(Data shown)

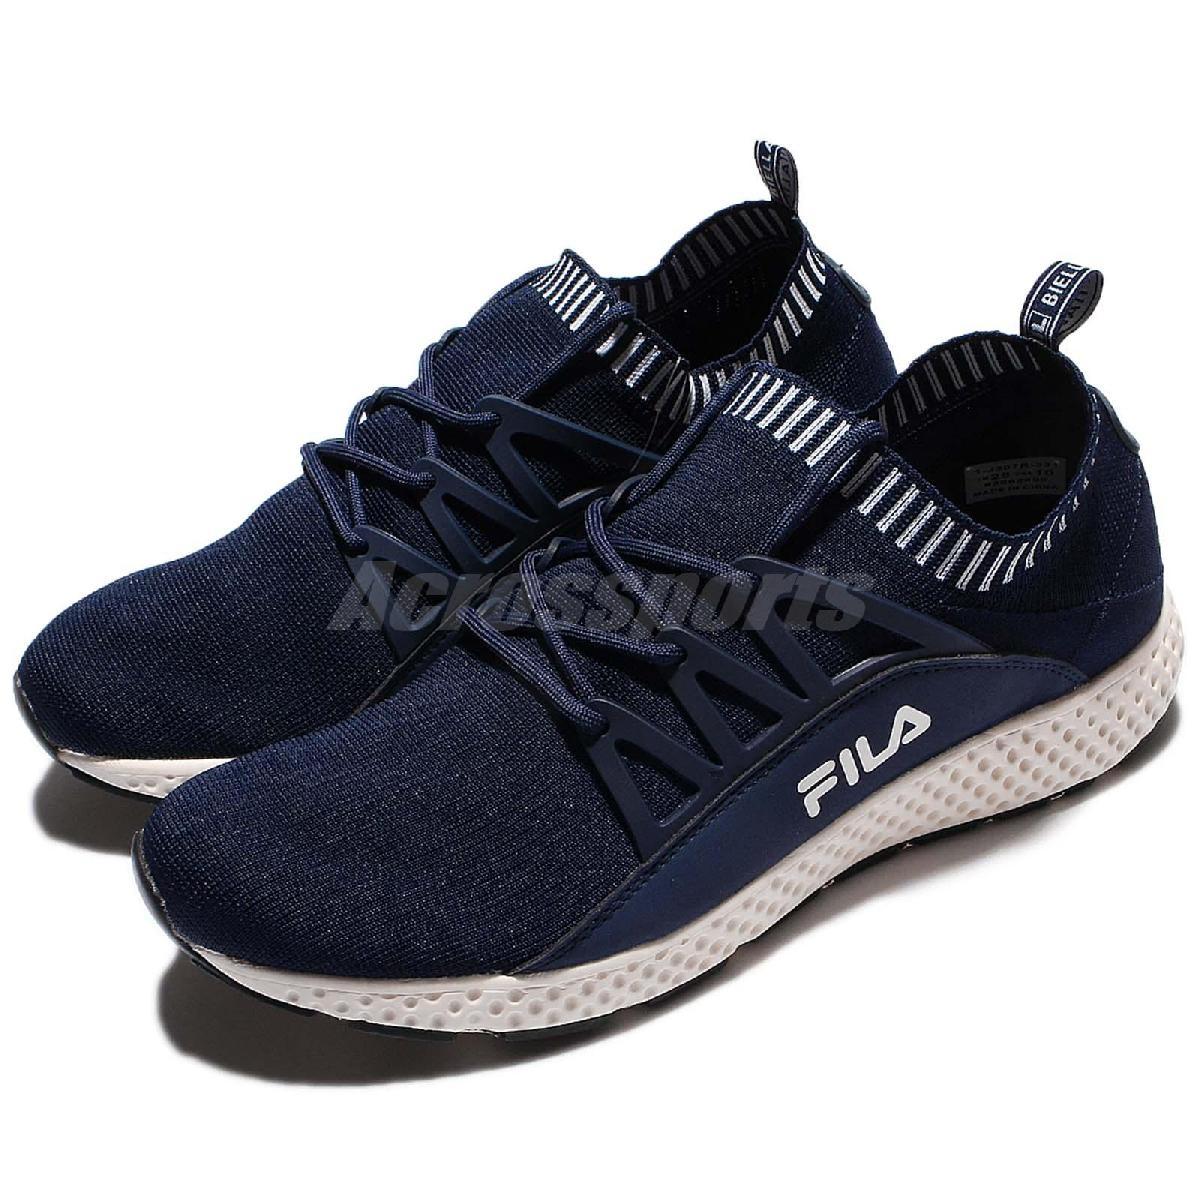 FILA 慢跑鞋 J307R 低筒 襪套式 藍 白 復古奶油底 運動鞋 編織鞋面 男鞋【PUMP306】 1J307R331
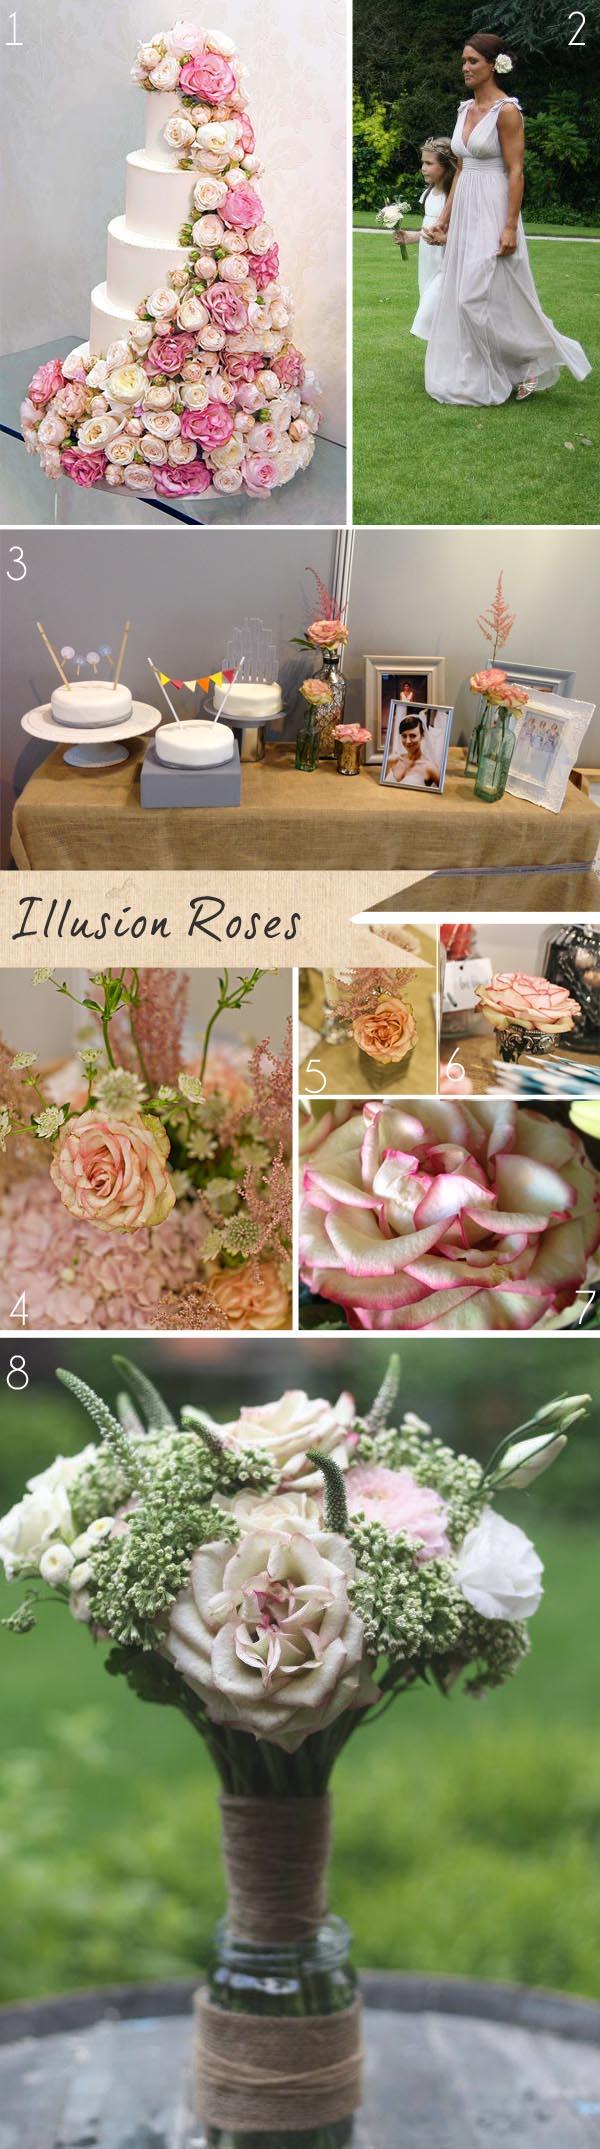 illusion roses wedding flowers
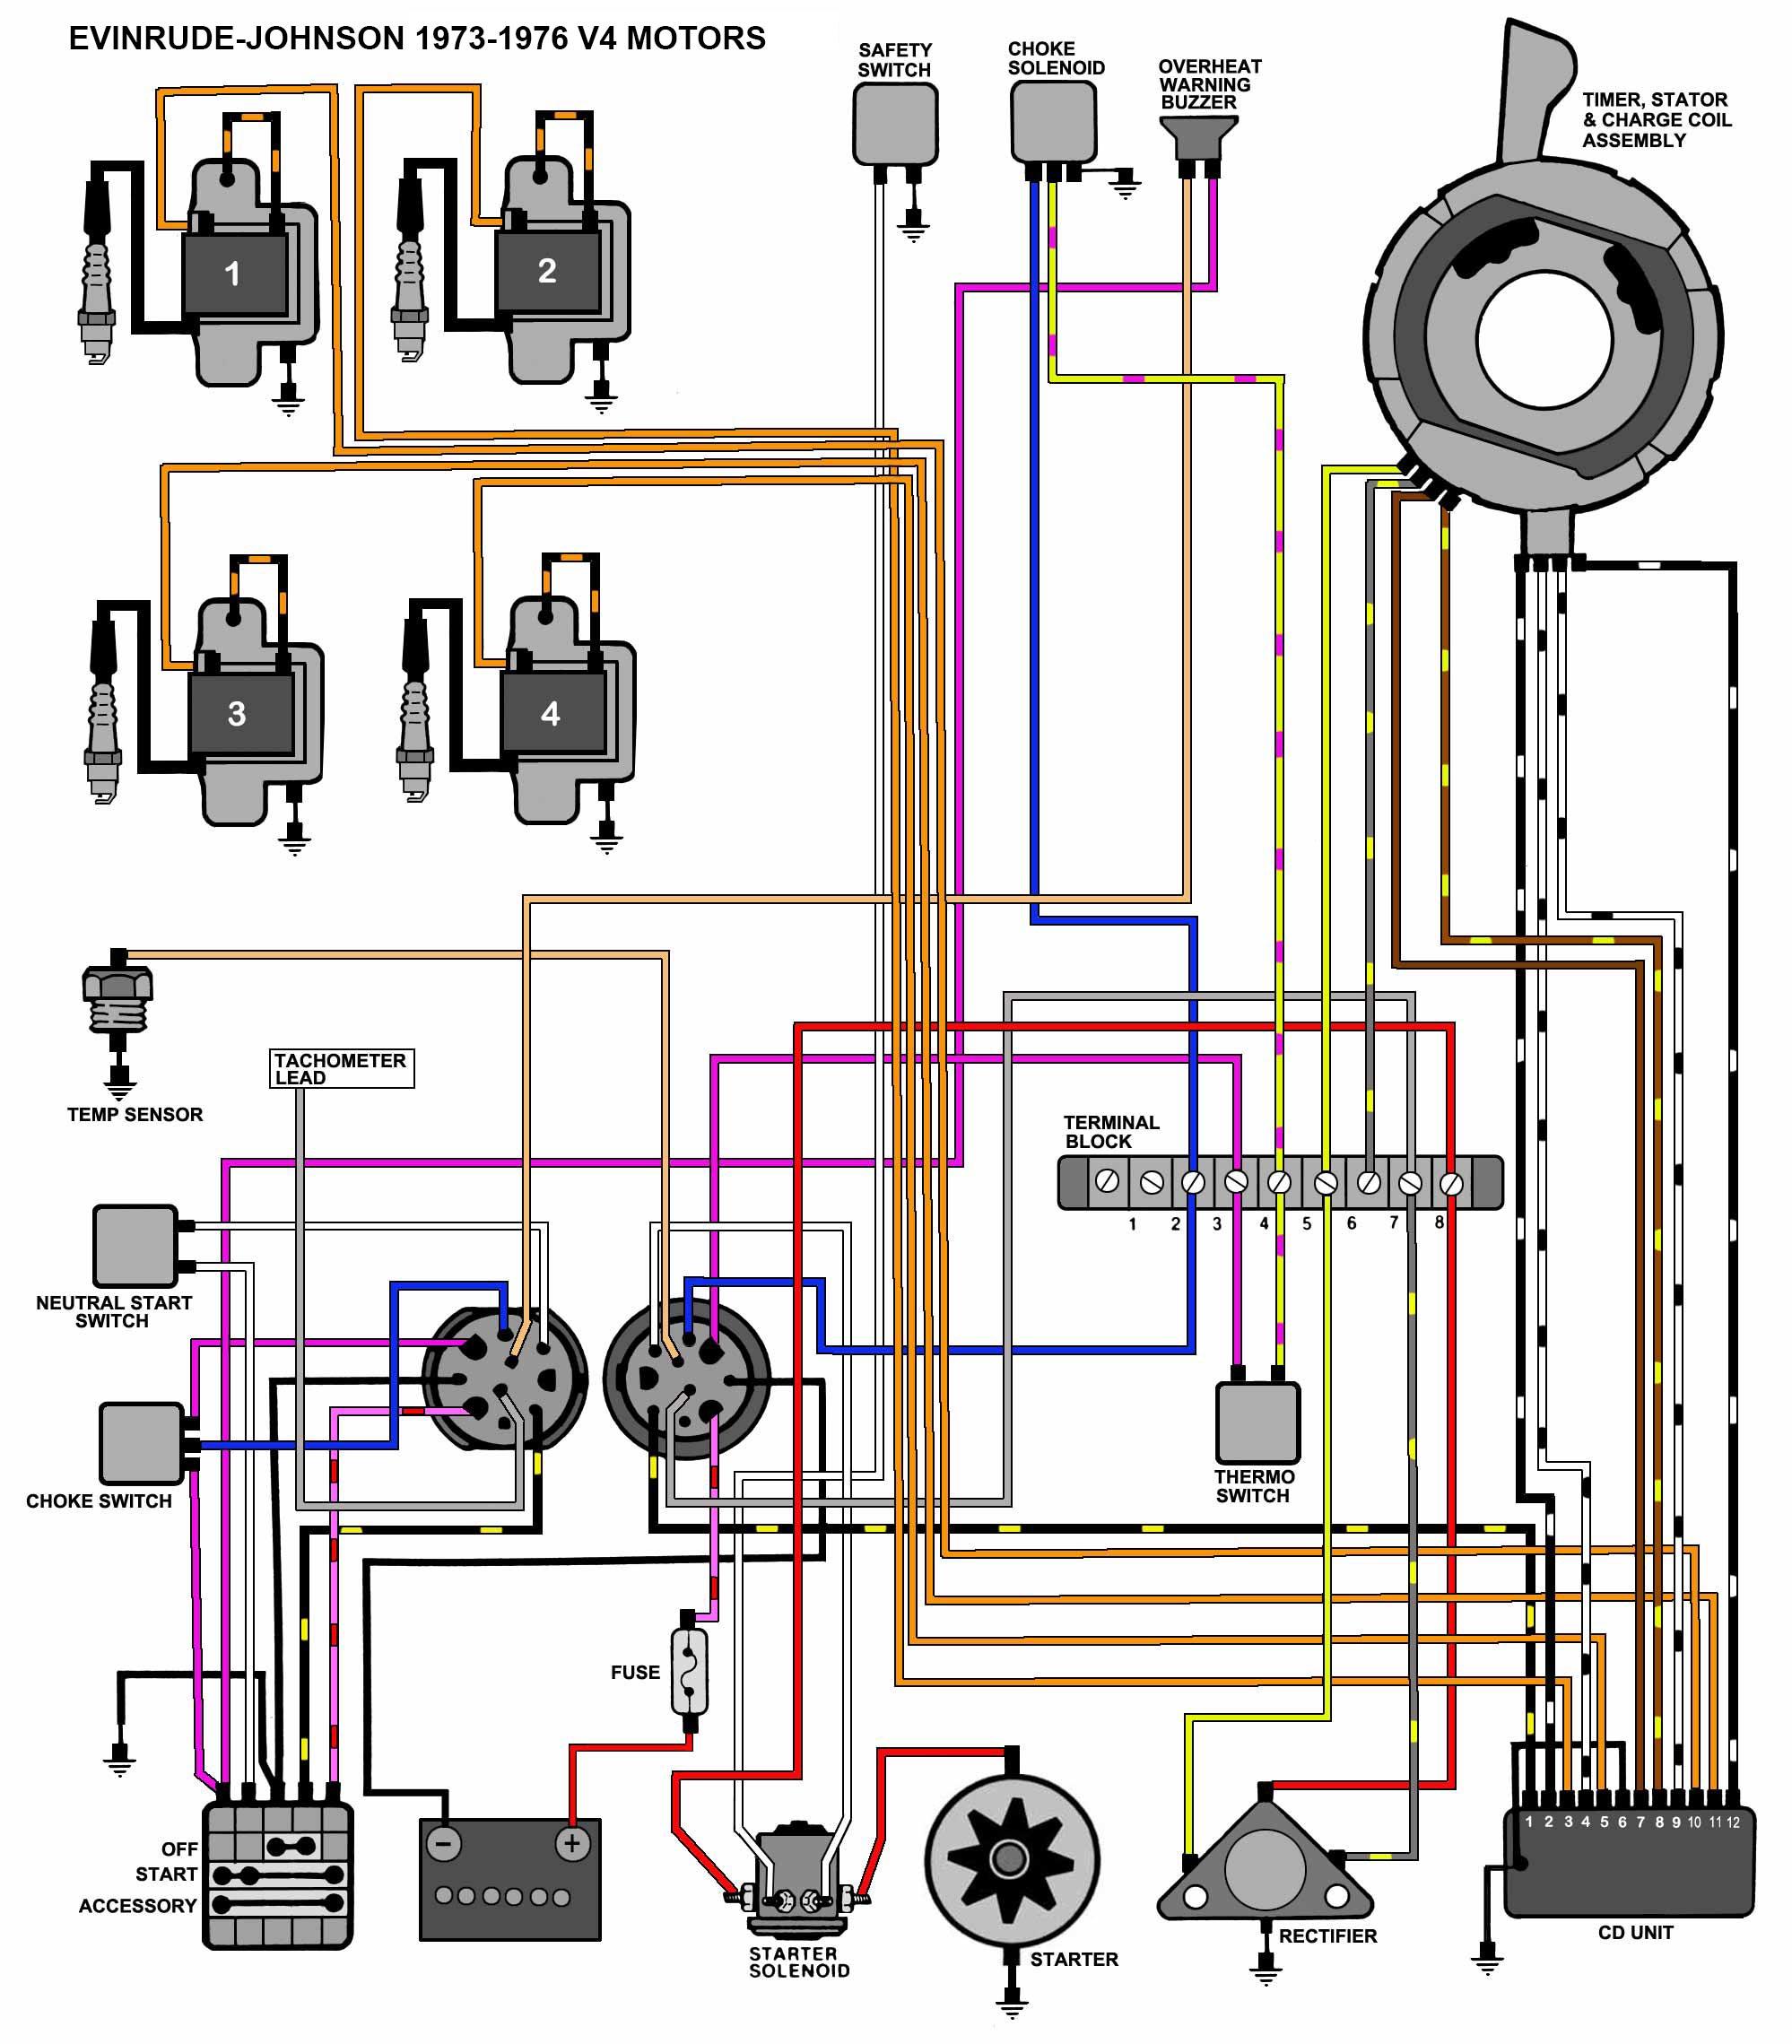 1971 evinrude 50 hp wiring diagram 34 wiring diagram Evinrude Tachometer Wiring Diagram 1977 Evinrude Wiring Diagram
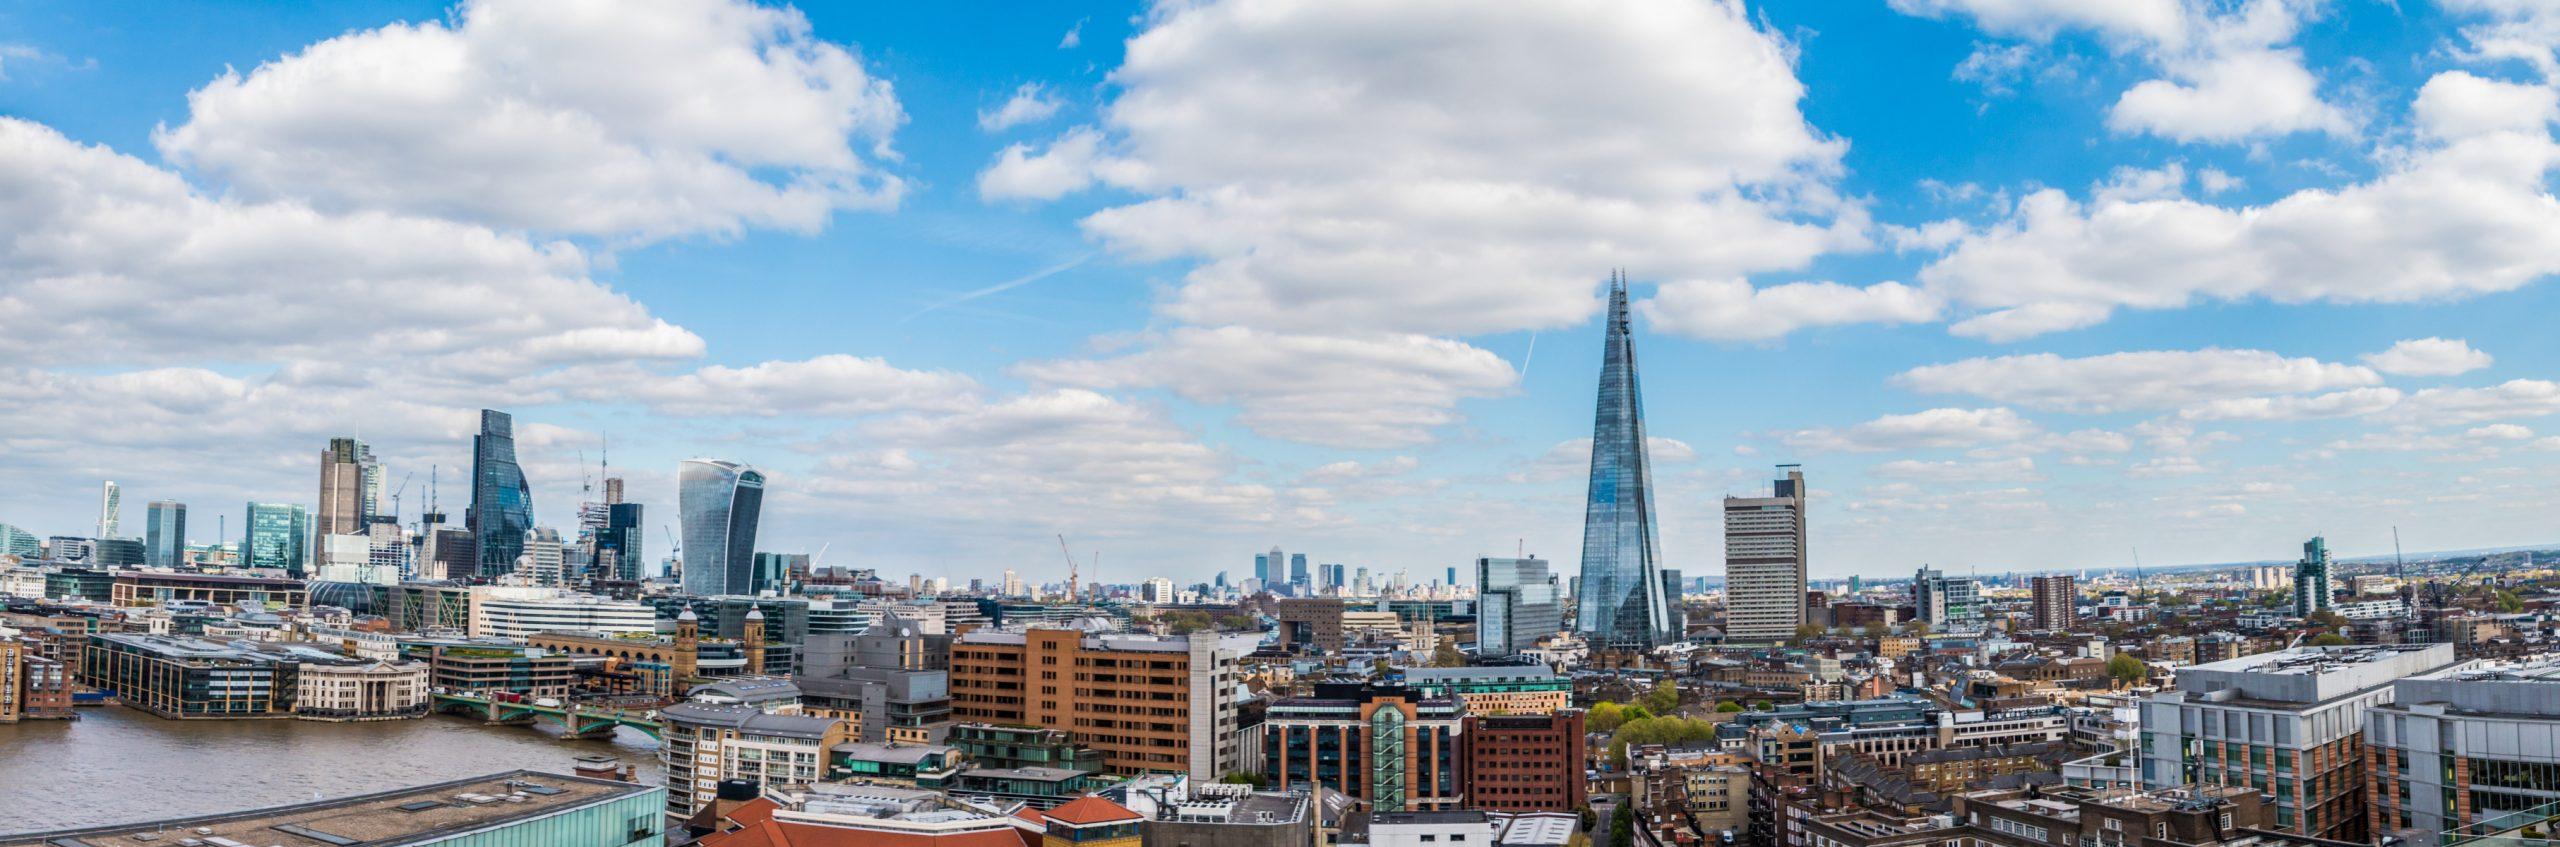 London Skyline daylight. Photos by TeeFarm from Pixabay

(End Data shown)

▶ The task: Retype the data exactly; images stay out.

▶ Task solution:
 FILA 慢跑鞋 J307R 低筒 襪套式 藍 白 復古奶油底 運動鞋 編織鞋面 男鞋【PUMP306】 1J307R331
 illusion roses wedding flowers
 1971 evinrude 50 hp wiring diagram 34 wiring diagram Evinrude Tachometer Wiring Diagram 1977 Evinrude Wiring Diagram
 London Skyline daylight. Photos by TeeFarm from Pixabay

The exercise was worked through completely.